Dale R. Corson, a nuclear physicist who died last week, is best remembered as the Cornell University President who peacefully led his campus through the turmoil and upheaval of the Vietnam era.  But he also played an influential role in deliberations over the role of secrecy in scientific research.

Dr. Corson chaired a 1982 committee of the National Academy of Sciences that produced a landmark study entitled “Scientific Communication and National Security,” which became known as the Corson Report.
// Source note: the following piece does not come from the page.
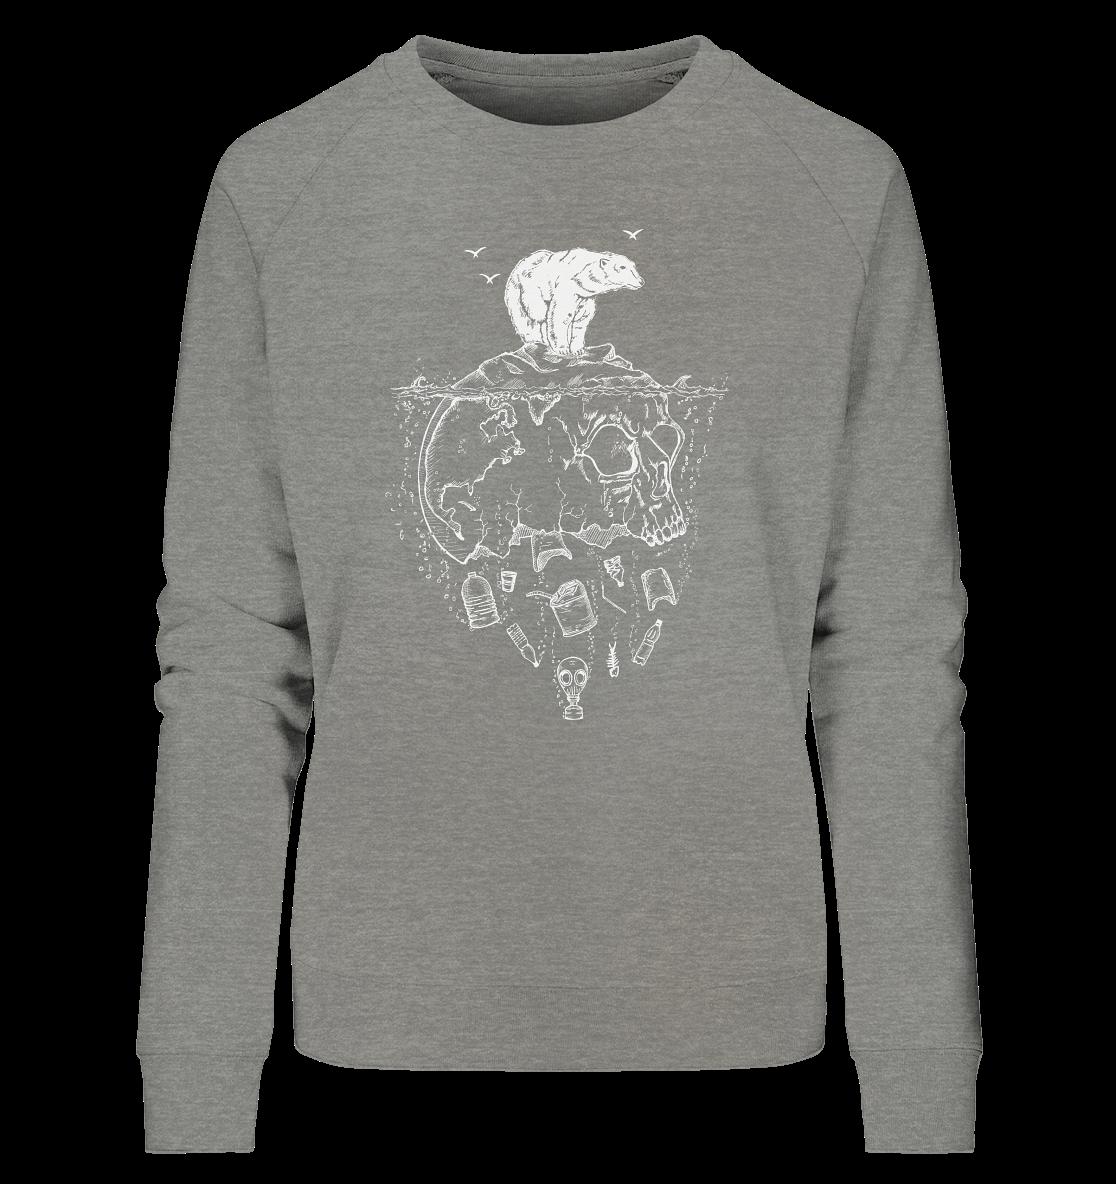 front-ladies-organic-sweatshirt-818381-1116x-11.png

In sober and measured tones, the Corson Report pushed back against calls for increased secrecy in government-funded science:

“Current proponents of stricter controls advocate a strategy of security through secrecy. In the view of the Panel security by accomplishment may have more to offer as a general national strategy. The long-term security of the United States depends in large part on its economic, technical, scientific, and intellectual vitality, which in turn depends on the vigorous research and development effort that openness helps to nurture…  Controls on scientific communication could adversely affect U.S. research institutions and could be inconsistent with both the utilitarian and philosophical values of an open society.”

President Reagan cited Dr. Corson in National Security Decision Directive 189, “National Policy on the Transfer of Scientific, Technical and Engineering Information,” which seemed to affirm that fundamental research should remain unrestricted to the maximum extent possible.  In fact, however, that directive imperfectly reflected the input of the Corson Report, noted Harold C. Relyea in his book “Silencing Science: National Security Controls and Scientific Communication.”

Still, many of the issues identified by Dr. Corson and his colleagues, and the concerns they expressed, remain current today and have not reached an unequivocal resolution, as evidenced most recently by the latest U.S. government policy on dual use biological research.